Exelon Maintains 2026 Outlook
Utility operator plans $41.7 billion in infrastructure spending while reporting steady first-quarter earnings and reliability gains.
May 7, 2026

Exelon reported stable first-quarter 2026 earnings while reaffirming its full-year guidance and expanding its long-term infrastructure investment plans, underscoring the company’s focus on grid modernization and reliability across its regulated utility operations.
The Chicago-based utility company posted first-quarter GAAP net income of $919 million, or $0.90 per diluted share, compared with $908 million, or $0.90 per share, in the same period a year earlier. Adjusted operating earnings slipped slightly to $0.91 per share from $0.92 per share in the prior-year quarter.
Exelon said it remains on track to deliver annual earnings growth near the upper end of its previously projected 5% to 7% range through 2029. The company also reaffirmed its 2026 adjusted earnings guidance of $2.81 to $2.91 per share.
Infrastructure Spending Expands
A key focus for investors was Exelon’s updated four-year capital expenditure plan, which now totals $41.7 billion. The company expects those investments to drive rate base growth of nearly 8% as utilities across its service territories continue upgrading transmission and distribution systems.
Management highlighted reliability performance as a major operational achievement during the quarter, with all utilities ranking in the top quartile and Commonwealth Edison placing in the top decile nationally.
Utility Results Vary by Region
Results across Exelon’s operating utilities were mixed but generally reflected higher approved distribution and transmission rates tied to infrastructure investments.
Commonwealth Edison reported GAAP net income of $310 million, up from $302 million a year earlier, though adjusted operating earnings declined because of timing-related distribution earnings impacts.
PECO increased net income to $278 million from $266 million, helped by favorable weather conditions, the absence of customer surcharge credits, and lower income taxes.
Baltimore Gas and Electric posted one of the strongest year-over-year gains, with net income rising to $298 million from $260 million. The increase was largely linked to approved distribution rates associated with grid investment recovery, though higher credit loss expenses partially offset the improvement.
At Pepco Holdings, earnings declined as the company faced higher depreciation expenses and unfavorable impacts related to Maryland regulatory reconciliation adjustments. PHI reported first-quarter GAAP net income of $169 million compared with $194 million in the prior-year period.
Financing Activity Continues
Exelon continued to access debt markets during the quarter as part of its financing strategy. The company said it had completed about 43% of planned debt financings through March 31, including all holding company issuances, and had priced roughly 37% of its expected $3.4 billion equity needs through 2029.

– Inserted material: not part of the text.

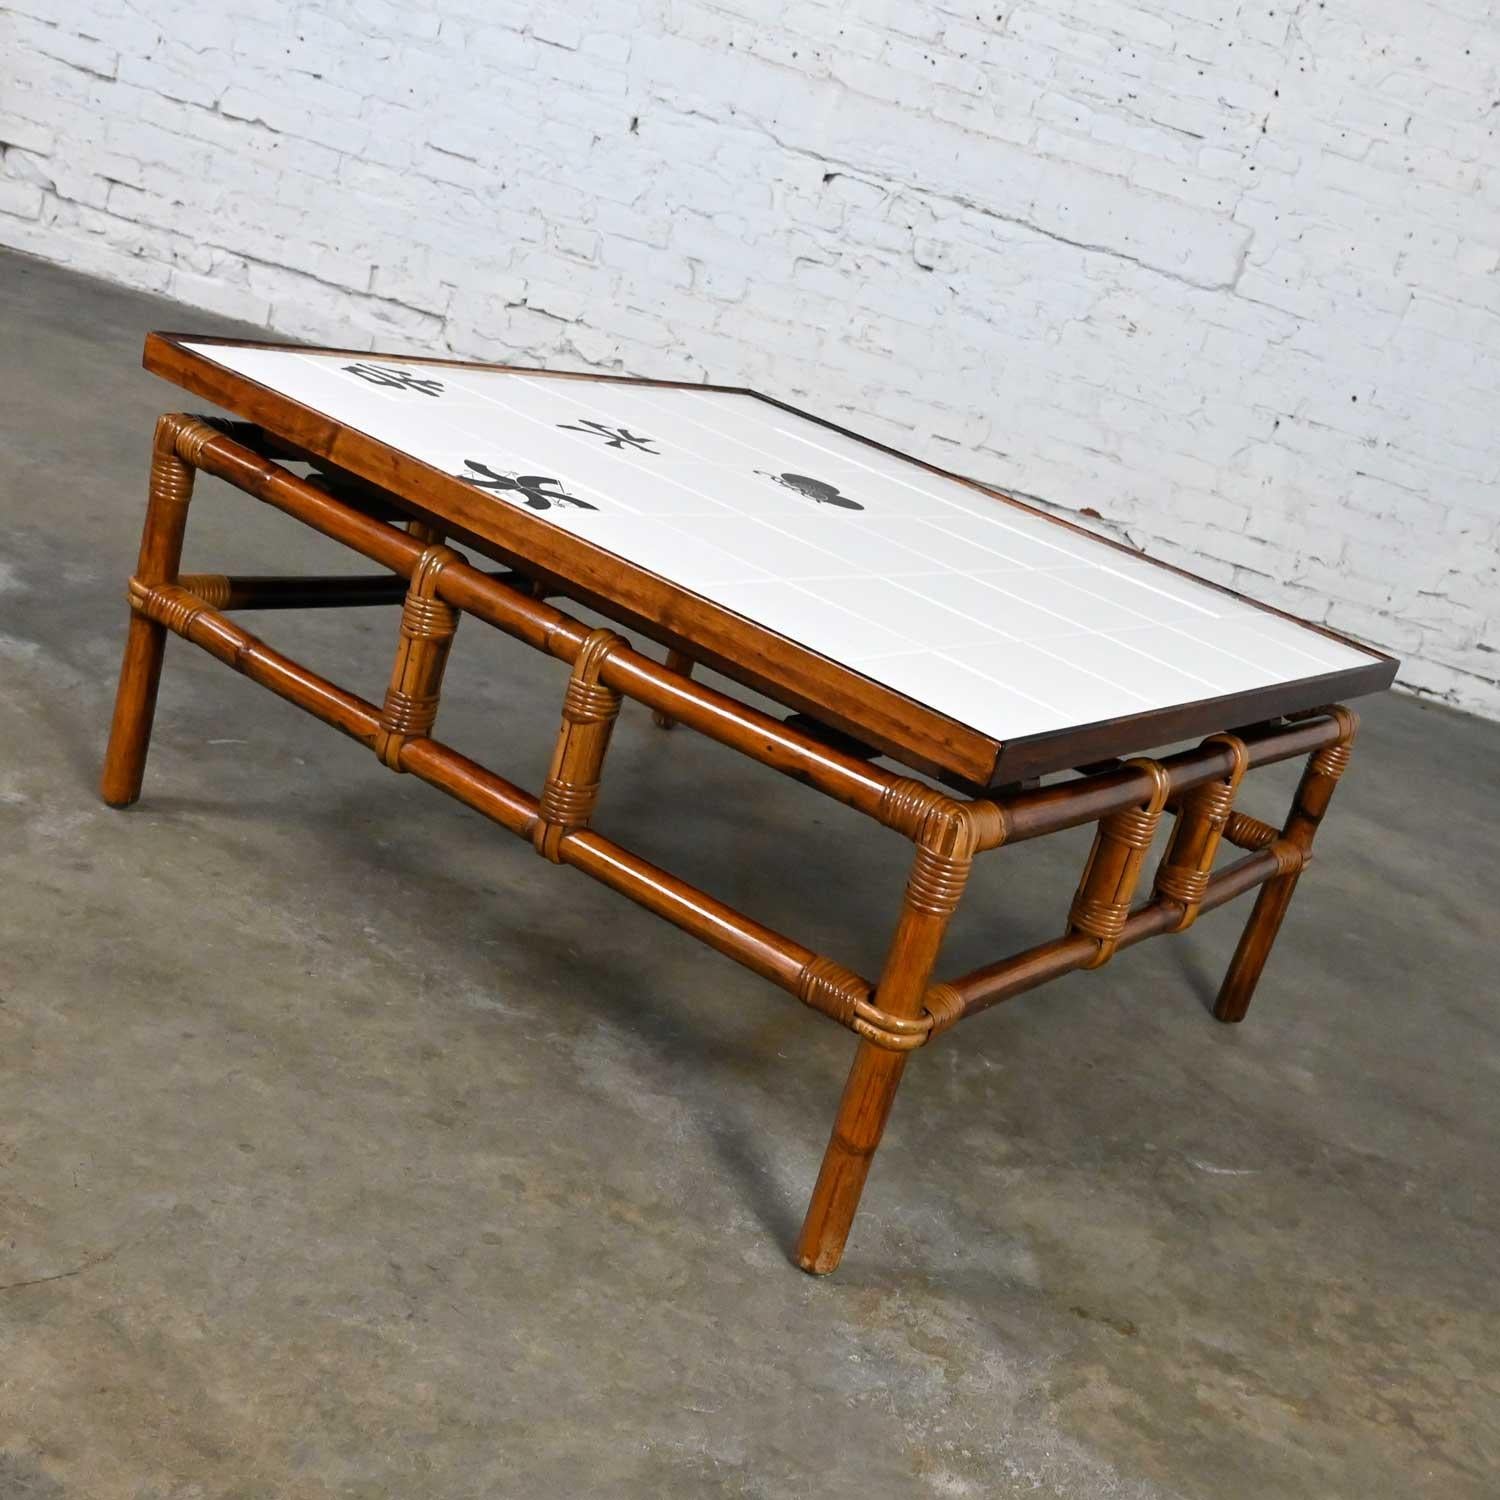 Fabuleuse table basse vintage en rotin de style campagne de la collection Ficks Reed Far Horizons, avec un dessus en carreaux conçu par John Wisner. Bel état, en gardant à l'esprit qu'il s'agit d'un produit vintage et non neuf, qui présente donc des

In February, Exelon issued $775 million in senior notes due 2036. Subsidiaries Pepco, Delmarva Power and Atlantic City Electric also completed bond offerings in March to refinance debt and support general corporate operations.
Cash Flow and Balance Sheet
Cash flow from operating activities rose sharply to $1.72 billion during the quarter, compared with $1.2 billion a year earlier. Capital expenditures increased to $2.36 billion from $1.95 billion as the company accelerated investment spending.
Exelon ended the quarter with total assets of $117.5 billion and long-term debt of $47.9 billion. Shareholders’ equity stood at $29.3 billion.
The company also declared a quarterly dividend of $0.42 per share, payable June 15 to shareholders of record on June 4.
Exelon serves nearly 11 million customers through utilities operating in Illinois, Pennsylvania, Maryland, Delaware, New Jersey and the District of Columbia.